Design Considerations

Return informative headers. Always include X-RateLimit-Limit, X-RateLimit-Remaining, X-RateLimit-Reset, and Retry-After in 429 responses. Well-behaved clients use these to back off gracefully. Without them, clients retry immediately and make the problem worse.
Limit on multiple dimensions. A single global limit is easy to bypass. Layer limits: per IP (for unauthenticated), per API key (for authenticated), per endpoint (expensive endpoints get tighter limits), and per tenant. A client within their per-key limit may still be rate-limited per IP if they share an IP with other abusers.
Distinguish rate limiting from throttling. Rate limiting rejects excess requests immediately (HTTP 429). Throttling queues them and serves them at a reduced rate. Use rate limiting for protection against abuse; use throttling for smoothing bursty legitimate traffic before a capacity-constrained downstream.
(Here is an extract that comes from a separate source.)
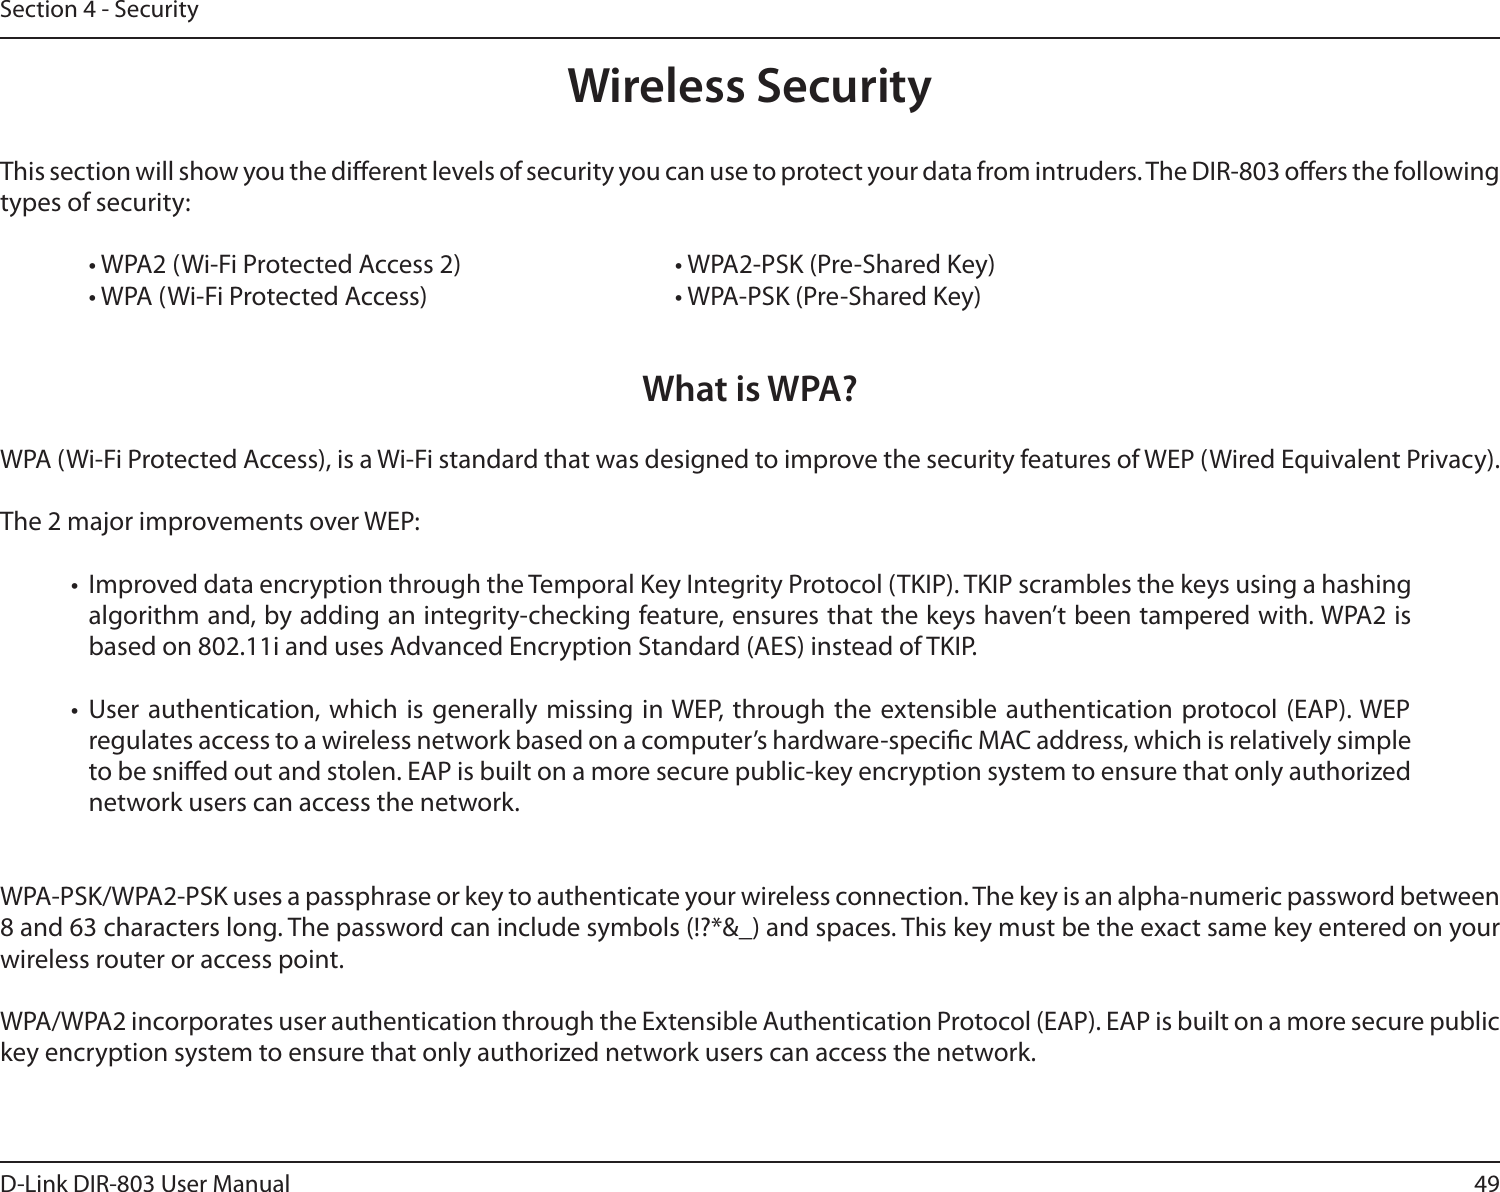 49D-Link DIR-803 User ManualSection 4 - SecurityWireless SecurityThis section will show you the dierent levels of security you can use to protect your data from intruders. The DIR-803 oers the following types of security:  • WPA2 (Wi-Fi Protected Access 2)       • WPA2-PSK (Pre-Shared Key)  • WPA (Wi-Fi Protected Access)        • WPA-PSK (Pre-Shared Key)What is WPA?WPA (Wi-Fi Protected Access), is a Wi-Fi standard that was designed to improve the security features of WEP (Wired Equivalent Privacy).  The 2 major improvements over WEP: •  Improved data encryption through the Temporal Key Integrity Protocol (TKIP). TKIP scrambles the keys using a hashing algorithm and, by adding an integrity-checking feature, ensures that the keys haven’t been tampered with. WPA2 is based on 802.11i and uses Advanced Encryption Standard (AES) instead of TKIP.• User authentication, which is generally missing in WEP, through the extensible authentication protocol (EAP). WEP regulates access to a wireless network based on a computer’s hardware-specic MAC address, which is relatively simple to be snied out and stolen. EAP is built on a more secure public-key encryption system to ensure that only authorized network users can access the network.WPA-PSK/WPA2-PSK uses a passphrase or key to authenticate your wireless connection. The key is an alpha-numeric password between 8 and 63 characters long. The password can include symbols (!?*&amp;_) and spaces. This key must be the exact same key entered on your wireless router or access point.WPA/WPA2 incorporates user authentication through the Extensible Authentication Protocol (EAP). EAP is built on a more secure public key encryption system to ensure that only authorized network users can access the network.

Whitelist internal traffic. Internal service-to-service calls shouldn’t hit the same rate limits as external clients. Identify internal traffic by a shared secret header or IP range and bypass or apply higher limits.
Graceful degradation under limit. For user-facing features, consider serving cached or degraded responses rather than raw 429 errors. A search that returns slightly stale results is better than an error page.